Las conchas de los gastrópodos murícidos carecen de dimorfismo sexual por lo que, para la determinación del sexo, es necesario revisar las partes blandas buscando la presencia o ausencia de pene, teniendo la precaución de no dañar a los animales. Las hembras depositaron en las paredes de los frascos y bajo el nivel del agua de 1 a 20 cápsulas diarias. Los caracoles tendieron a unir sus cápsulas formando una gran masa comunal, lo cual dificultó distinguir cuál hembra depositó determinadas cápsulas. Después de la oviposición, las cápsulas mostraron cambios de color que están relacionados con el grado de desarrollo de los embriones. Inicialmente las cápsulas son blanquecinas y, en dos días, cambian a su color a blanco-cremoso. Después de dos a tres semanas de desarrollo, presentan un color café claro que luego se obscurece. Ocasionalmente algunas cápsulas tomaron un color púrpura y éstas contenían embriones muertos. Conforme fueron pasando los días, las características de cada etapa de desarrollo del caracol púrpura fueron las siguientes:

Día 0: Ovocitos/huevos. Huevos telolécitos. No se observa núcleo debido a la cantidad de gránulos de vitelo que ocupan la totalidad del volumen celular (fig. 1). Diámetro medio: 149.8 um (DE ± 6.7, rango: 137-159 µm).

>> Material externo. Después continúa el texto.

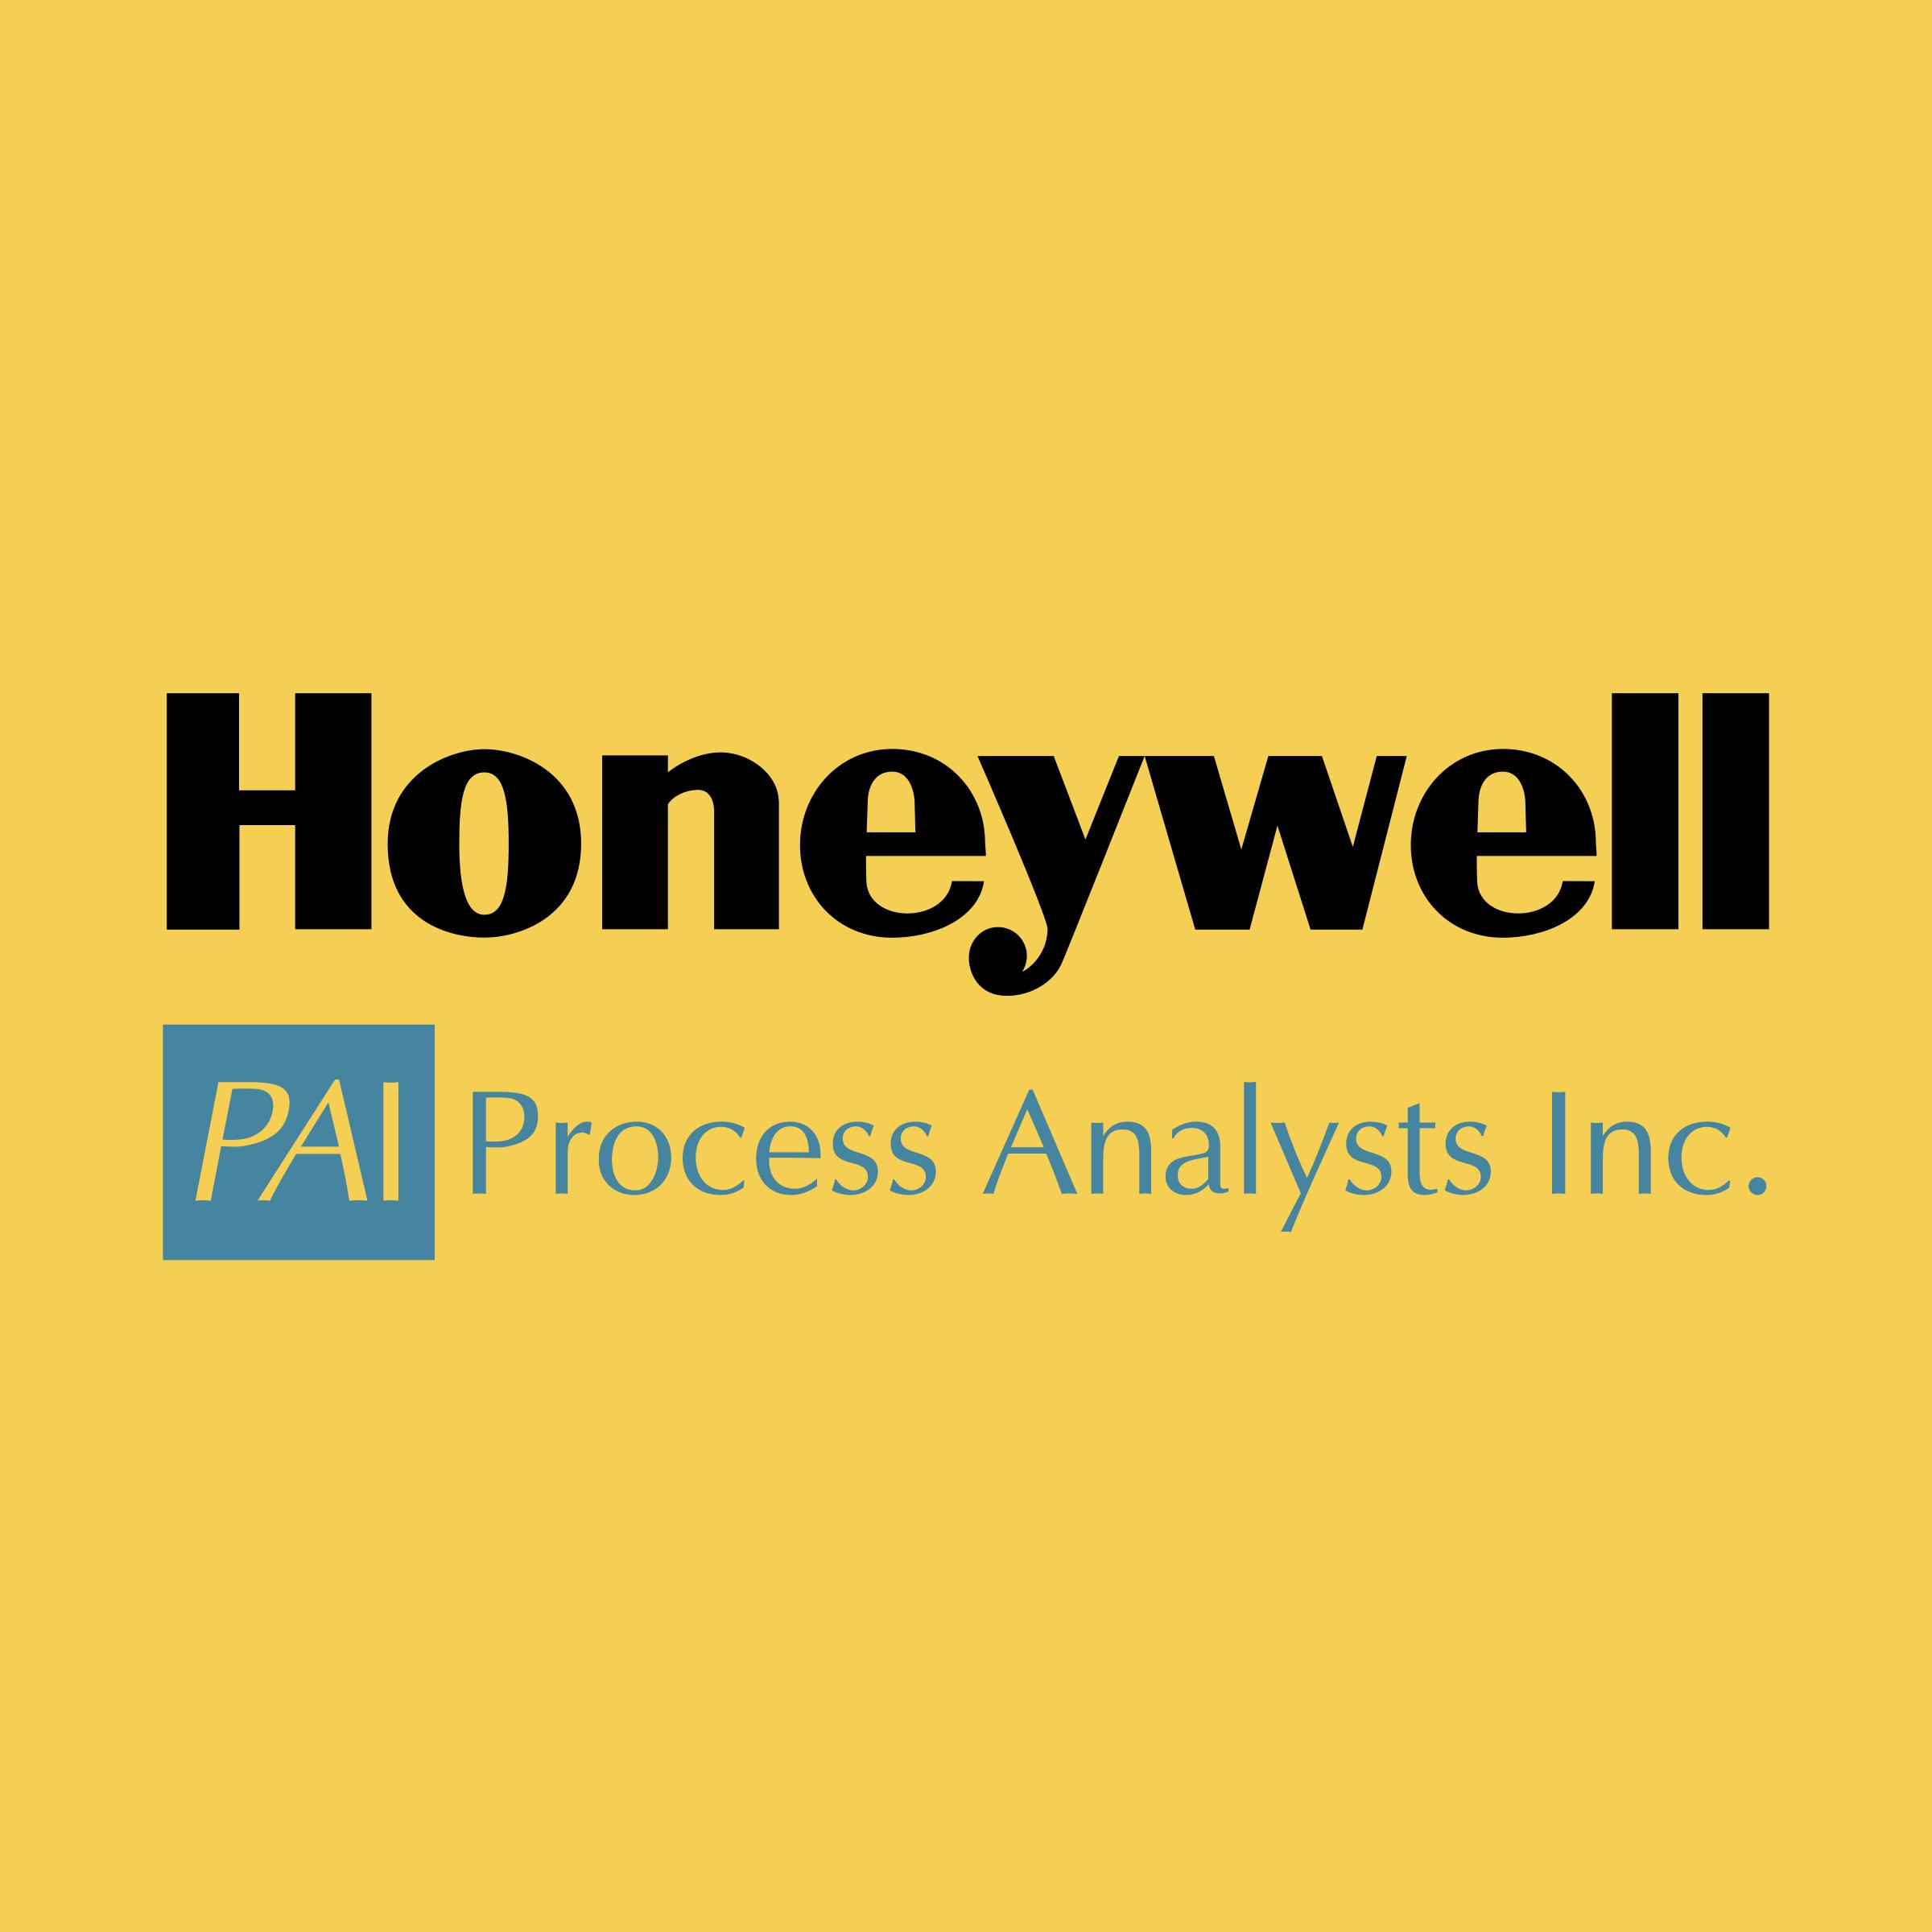 Honeywell PAI Logo PNG Transparent & SVG Vector - Freebie Supply
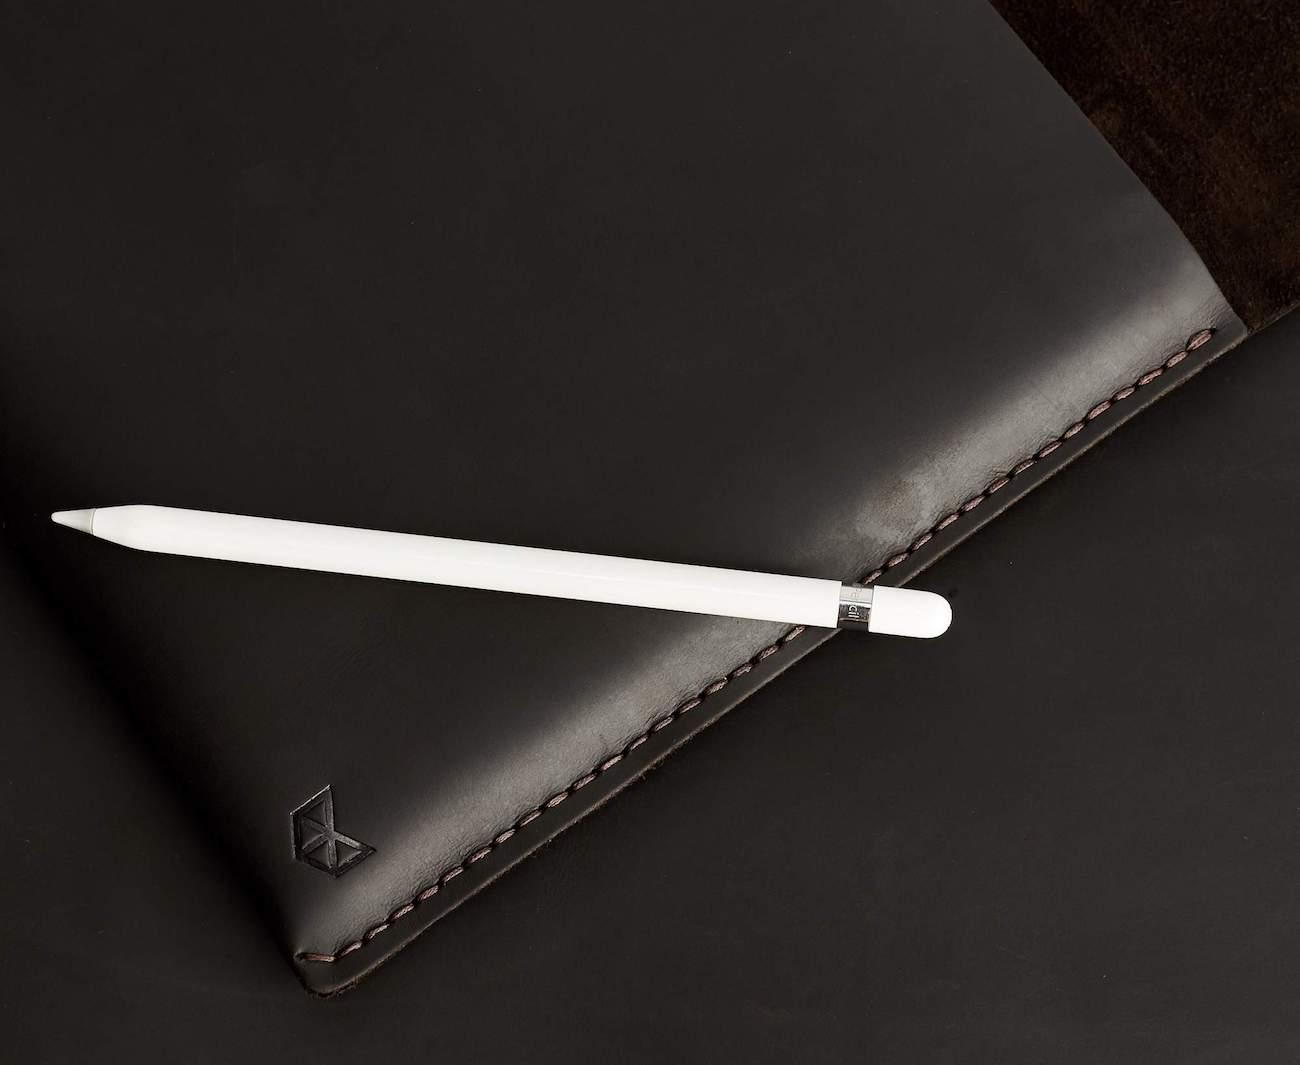 Draftsman+2+Leather+iPad+Case

Días 3-7: Segmentación. Segmentación espiral con un macrómero vegetativo lleno de vitelo y más de 20 micrómeros de tamaño variable con núcleos evidentes en el polo animal, los mayores adyacentes al macrómero y los más pequeños distales (fig. 2a, b). Largo: 198 µm (DE ± 88.5, rango: 166-282 µm). Ancho: 172 µm (DE ± 58.6, rango: 128-343 µm).

Días 8-12: Gastrulación. En embriones con gastrulación inicial, los micrómeros periféricos se aplanan para iniciar su desplazamiento mediante epibolia (fig. 3a, b). En aquellos donde ésta ha terminado, se observa el blastoporo (fig. 3c, d). Largo: 198 µm (DE ± 88.5, rango: 166-282 µm). Ancho: 172 µm (DE ± 58.6, rango: 128-343 µm). Posteriormente inicia la formación de los llamados riñones larvarios que, de acuerdo con Fretter and Graham (1994), son proyecciones del ectodermo de una o varias células en las que se acumulan productos de excreción durante la fase embrionaria. Se observa la presencia de cilios en el blastoporo, en las protuberancias laterales (riñones larvarios) y en el extremo opuesto al blastoporo. Largo: 187 µm (DE ± 57, rango: 147-408 µm). Ancho: 164 µm (DE ± 42.4, rango: 132-361 µm).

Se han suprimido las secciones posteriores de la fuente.